Fair dinkum, without a word of a lie and without a shadow of doubt. Like a hot knife through butter.

It doesn't look much just standing there by itself but, this is the best $100 I've spent on a garden tool, hands down, ever.

It's a Burgon and Ball hand crafted stainless steel digging fork.

And after using it all afternoon digging up all sorts of garden, I'd have happily payed $200 for it.

It has great balance, the tines are at just the right angle, the handle is just the right length, the stainless steel tines just guide through the soil.

I bought it thinking it was a bit extravagant but after using it for an afternoon I can't wait to get back out in the garden and start digging again.

If you want one just look up The Garden Tool Shop.

My apoligies for the sound quality on the video but I trusted the GoPro would be up to the task. It sounds horrible and I hope I can fix it in time for my next video.

Sunday, July 3, 2016

It's been a good week.

Hi guys, busyish week for me. Feeling energized now the winter solstice has been and gone.

Beginning to plan ahead to Spring veggie gardening but still planting some Winter veggies.

Today though, around these parts, was an absolutely fabulous Winters day.

Started with a good frost and by 9:00 am it was warm enough to head outside into the garden.

I spent the morning pruning back a renegade climbing rose. And three full wheelie bins later it was back under control.

After a short break for lunch, it was veggie time.

I'd purchased three punnets of seedlings yesterday, mini cabbage, broccoli and some "heritage' lettuce.

I'd had the bed turned over a few weeks ago and just needed to add some fertiliser, give it a rake over and I was ready to plant.

Earlier in the week I wanted/needed to transplant a raspberry that I'd planted last year at my work veggie garden. Once I'd finished I found had a half dozen small raspberry suckers that need a new home so I was happy to oblige.

Anyhow, back today. After planting the seedlings I set about preparing for this seasons Corn patch.
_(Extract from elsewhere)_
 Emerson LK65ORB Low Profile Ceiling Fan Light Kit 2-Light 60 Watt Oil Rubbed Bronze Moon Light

I've got about 2/3 of it ready. I've got plenty of time though as the Corn bed is in shade all Winter long thanks to a massive northern wall. It's about the end of September before I can get enough sun to plant up the bed. I've got a couple of bags of cow manure in the shed that I'll add near the end of August and give it a dig over once again before I plant.

After that it was a bit of weeding and by then the day was starting to cool off again and I still need to run  over the lawn with the mower before the lights went out.
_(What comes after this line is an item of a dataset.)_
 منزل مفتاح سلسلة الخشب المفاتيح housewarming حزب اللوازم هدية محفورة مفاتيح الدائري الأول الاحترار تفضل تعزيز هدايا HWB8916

Also the Broad Beans I'd planted a while back have been loving the cold and rainy conditions we've had lately. They look very happy and healthy.
And one last thing. I've had one of these Burgon and Ball digging forks on my veggie bucket list for a while and this coming weekend is the Queensland Garden Expo weekend at Nambour and I'm hoping the same guy is there this year as last year and I can finally pick one up for myself.